7950 Boost Windows 7 here, and I'd like to help but I get a crash (see here). Am I doing something wrong? Edit: every time happens to 1408MB. And the idea that we "set GPU_MAX_ALLOC_PERCENT 100" throw in the cmd administrator before we start dagSimCL.exe?
I almost have a "chunked" version of this test working on GTX780, but I'm having some difficulties allocating up to the full 3GB.
I just finished a version of the test that splits up the allocation in 256MB chunks.
-- edit-- temporaily removed the 256MB chunks version. It contains a bug.
-- edit2--
Attached binary has support for chunks with different sizes. It has becomes the first cmd line param. I've found 256MB to be the best for GTX780 (altough CUDA OpenCL prefers no chunking at all).

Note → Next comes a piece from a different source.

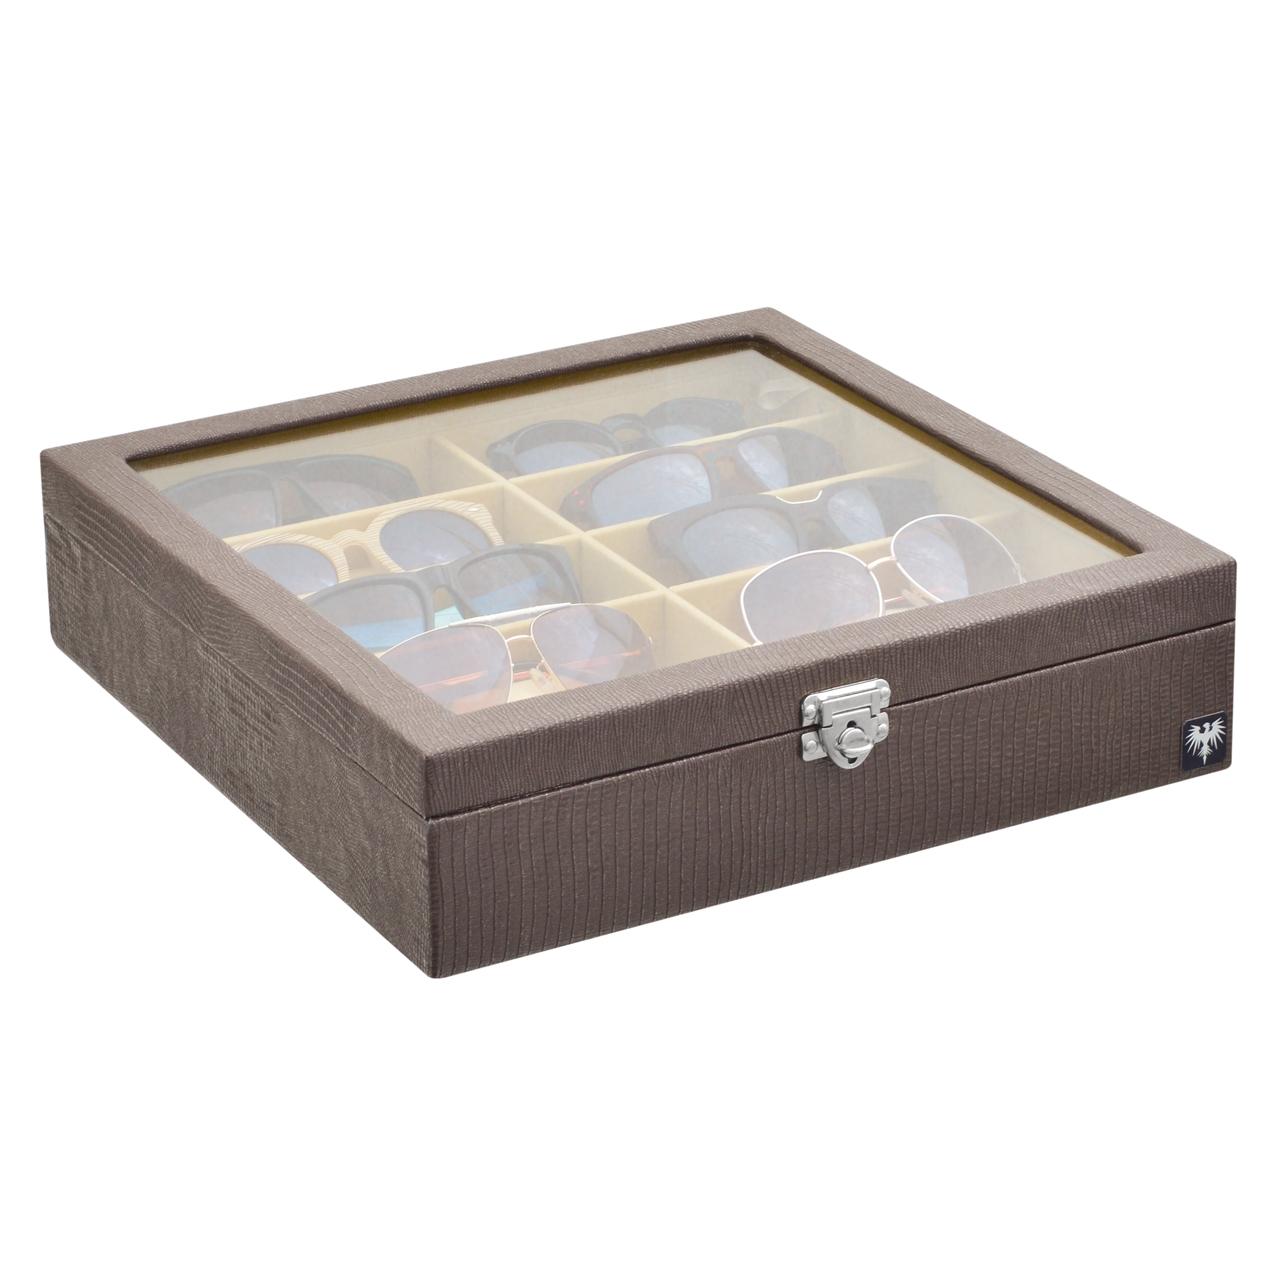 estojo-couro-ecologico-10-oculos-marrom-bege-porta-caixa-imagem-5.jpg

Yes I'm talking to this guy as well. Currently trying to get a version up that allocates GPU RAM in chunks.
-
Much appreciated.
Also, i posted results here:
https://bitcointalk.org/index.php?topic=1268355.msg13110655
because codetags.
There is no drop until 2688MB.
DAG size (MB) Bandwidth (GB/s) Hashrate (MH/s)
128 166.728 21.8533
256 165.537 21.6973
384 110.105 14.4317
512 164.8 21.6006
640 229.946 30.1394
768 120.987 15.858
896 362.78 47.5503
1,024 138.054 18.0951
1,152 232.697 30.5001
1,280 139.576 18.2945
1,408 166.527 21.827
1,536 138.565 18.1621
1,664 154.867 20.2988
1,792 127.143 16.6649
1,920 146.892 19.2535
2,048 141.562 18.5548
2,176 151.261 19.826
2,304 162.762 21.3336
2,432 192.039 25.1709
2,560 184.887 24.2335
2,688 29.7203 3.8955
2,816 21.8517 2.86414
2,944 9.08344 1.19059
The hash rate does not drop monotonously.
when I say drop starts at 49MHS drops to 46-47MHS
256MB chunk
=> Can run up to 2944MB DAG size, but the result is not stable and not trustable, the hashrate seem to be dropped from 2688MB DAG size.
================================================
512MB chunk
=> Can run up to 2816MB DAG size, the result looks good from 128 to 512MB DAG, unstable for the rest
================================================
768MB chunk
=> Can run up to 2560MB DAG size, the result looks good from 128 to 768MB DAG, unstable for the rest
================================================
1024MB chunk
=> Can run up to 1152MB, the results look fine except the last one.
================================================
After some test, I see that DAG size is a problem. I tried ETH benchmark (ethminer -G -M) and got 19.5MH/s, the DAG size in this test is 1024MB. But in real mining (1200MB DAG size) the speed drop off to 17.4MH/s. Do you know a solution for this issue?
@davidrentao yes same issue as with GTX750Ti. TLB trashing.
https://gist.github.com/anonymous/83237aa42d4292f13ceb
it's adding a makefile for unix systems and fixes two includes. this way i was able to compile on linux. i have amd cards r9-390x (8gb) and r9-270x (2gb) available for testing. if you are interested i will let you know.